1. Domain Decomposition: Using Massively Parallel Architectures
In order to make efficient use of the present-day massively parallel
architectures, we have implemented a domain decomposition algorithm into the CSU
AGCM. While the spherical geodesic grid may appear to be irregular, data
structures on this grid can be represented in a logical fashion. A
two-dimensional field that covers the surface of the sphere can be described on
the spherical geodesic grid using a data structure that is a set of
two-dimensional arrays. Fig. 1 graphically depicts this data structure. Each
"block" in the data structure is logically square. In Fig. 1a we chose to
decompose the grid into 40 blocks, while in Fig. 1b we chose to use 160 blocks.

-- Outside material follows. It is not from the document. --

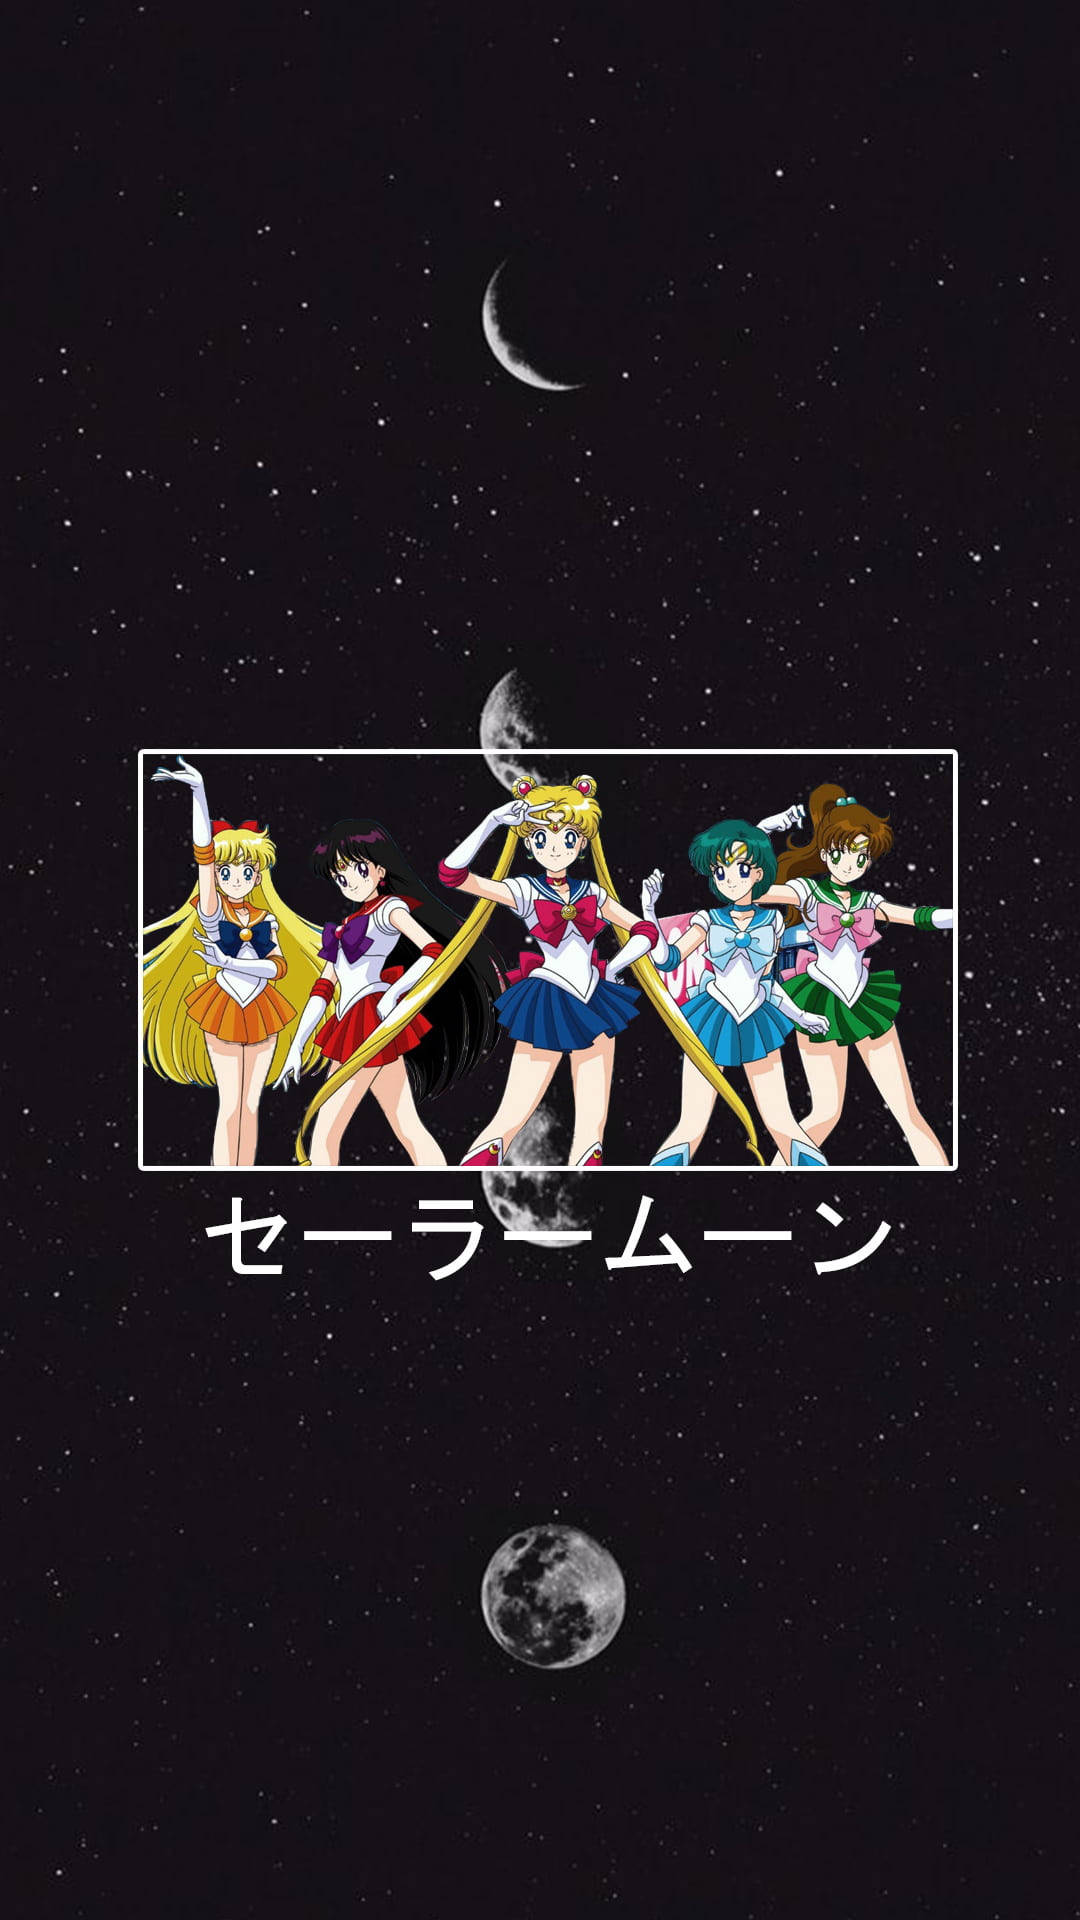 Wallpaper Sailormoon Sailor Moon Wallpaper Artistic Anime  Wallpaperforu
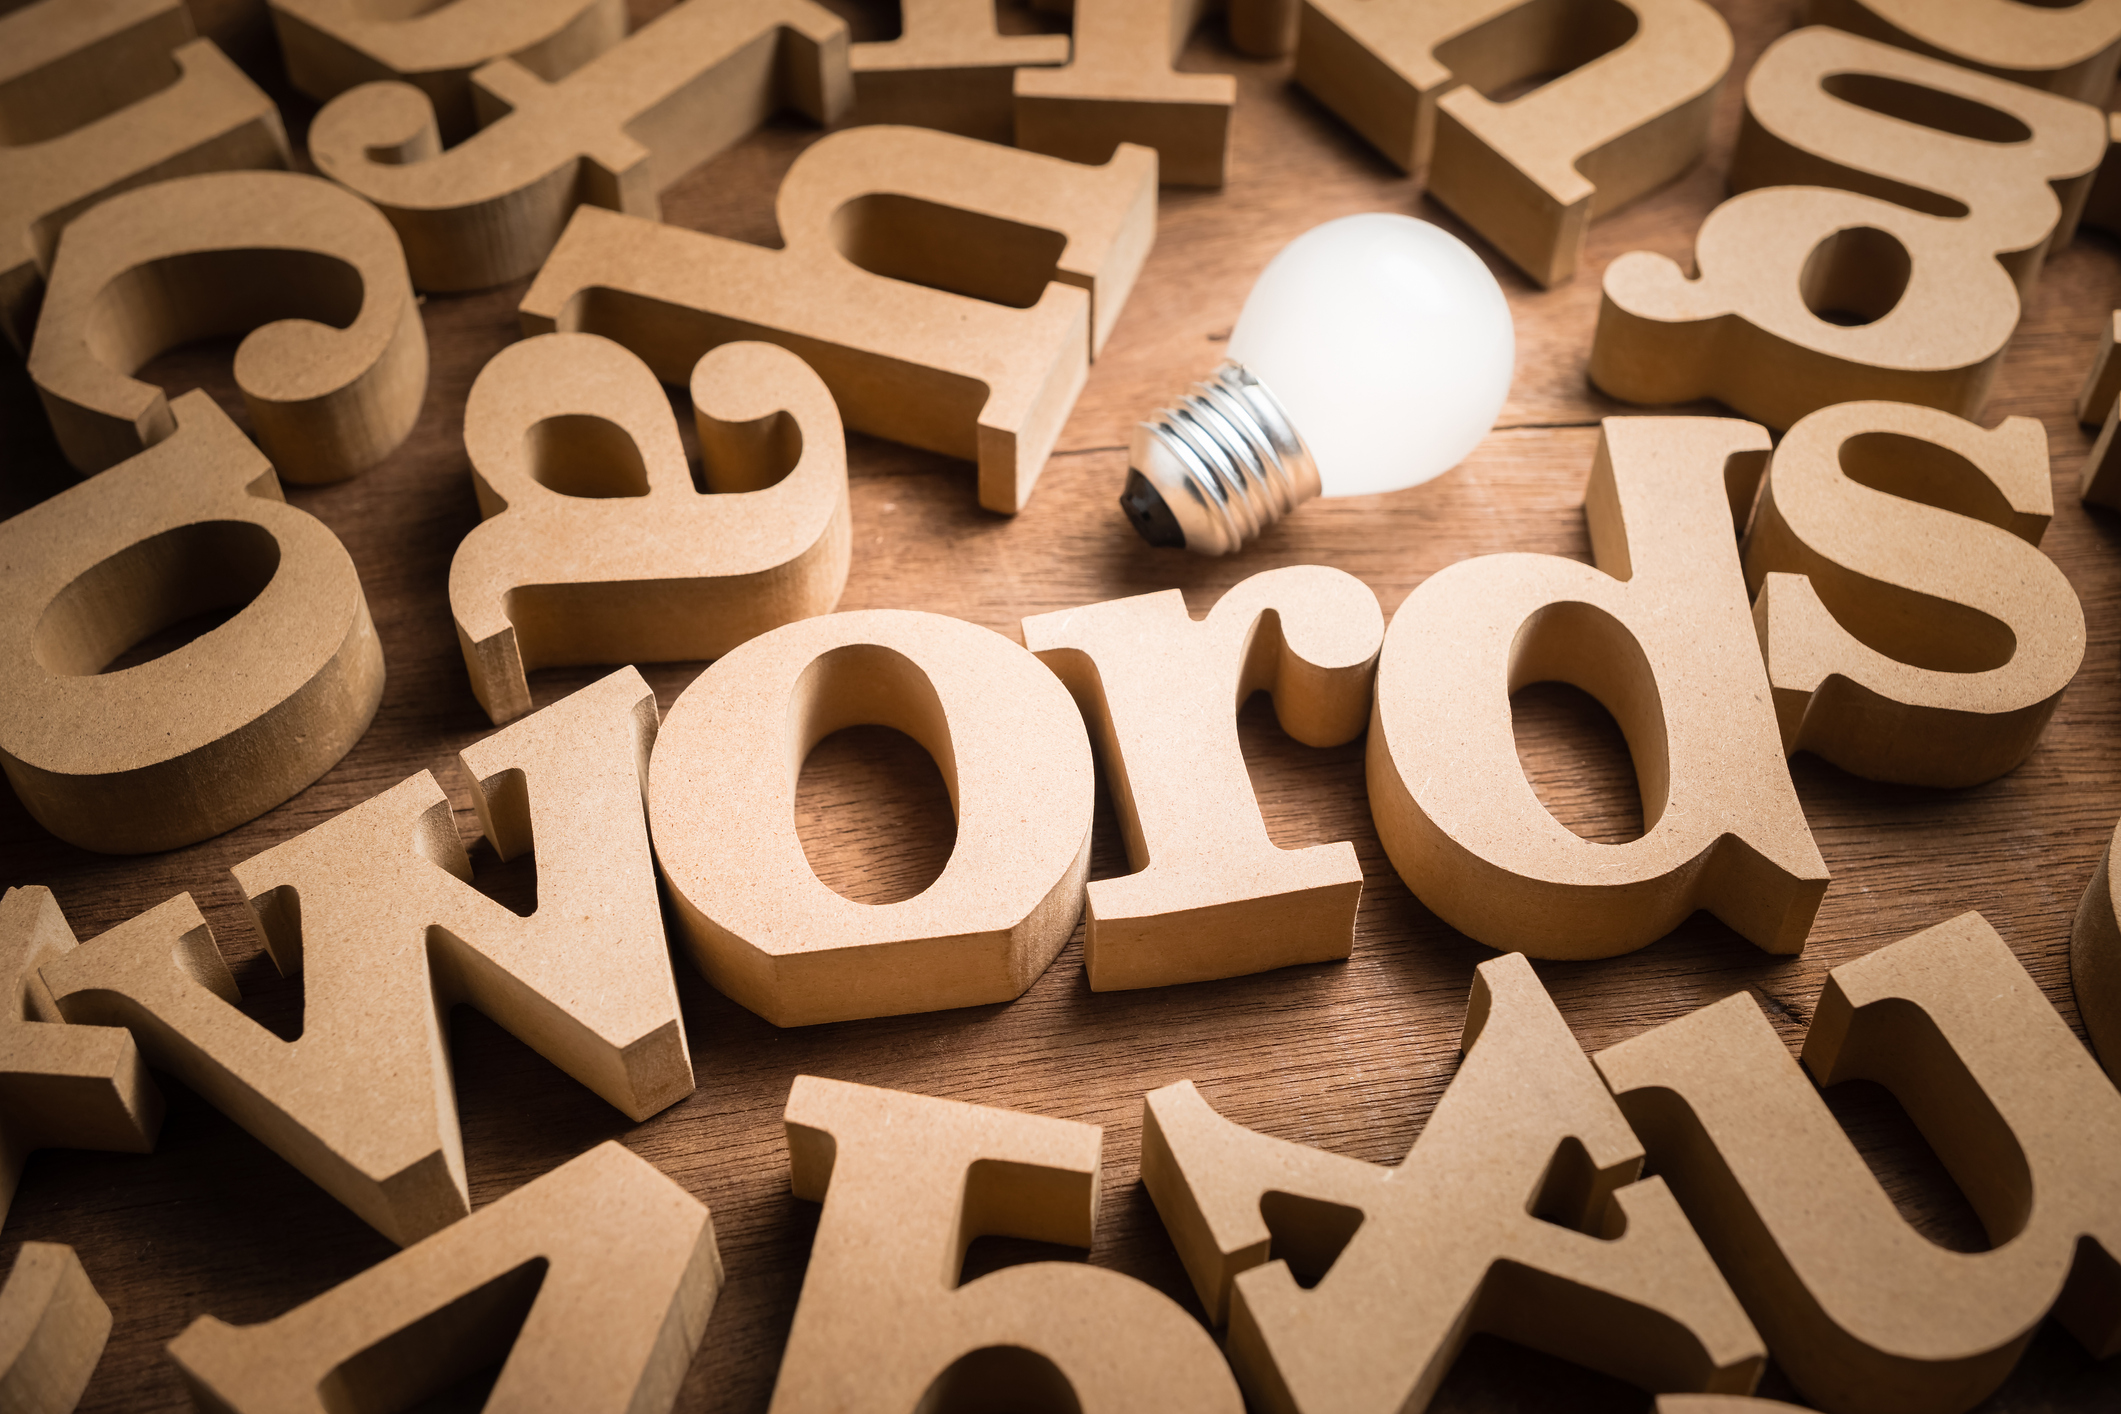 'Words' spelled out beside a lightbulb

Two-dimensional fields can then be represented as an array of dimension
(ni, nj, nsdm), where ni and nj are the lengths of the
sides of a block and nsdm is the total number of blocks. At present, we
use square blocks of data, (ni = nj), which limits nsdm to the
values 10, 40, 160, 640, and so on. If the need arises, we can certainly
generalize our algorithm to accommodate general rectangular-shaped blocks of
data where ni does not equal nj.
This domain-decomposition strategy has many positive attributes. First, the algorithm is equally applicable to atmospheric modeling and ocean modeling. This same decomposition strategy was developed and implemented independently by the Ocean Modeling Group at LANL. Second, this approach limits the number of messages and the total size of the messages required to update data at the boundaries of each block. This makes the algorithm somewhat indifferent to the specific type of interconnect fabric used by the various architectures. Third, by allowing each process to own an arbitrary number of blocks of data, we have built a load balancing mechanism into the algorithm. Processes that are over-loaded can give one or more blocks of data to processes that are under utilized. At present, we load balance at compile time. In the future we intend to purse the idea of dynamical load balancing. Furthermore, when modeling the ocean some blocks of data will not contain any ocean points; these blocks can be culled to increase the efficiency of the algorithm. Fourth, we can adjust the block size to insure that all data associated with one block can fit entirely into cache. This allows for the efficient access of data and, thus, optimizes the processor throughput. And finally, this approach allows the seamless use of multitasking threads, such as OpenMP, "under" the Message Passing Interface (MPI) algorithm. Since every process owns psdmblocks of data, and each of these blocks can be manipulated independently of all other blocks of data, we can multitask over the psdmindex of the data. Threads are spawned at the beginning of each time step and are not closed until near the end of the time step. This implies that each thread is open for a relatively long time and mitigates the cost of spawning the thread. The multitasking capability allows us to make better use of architectures that employ both shared-memory and distributed-memory paradigms.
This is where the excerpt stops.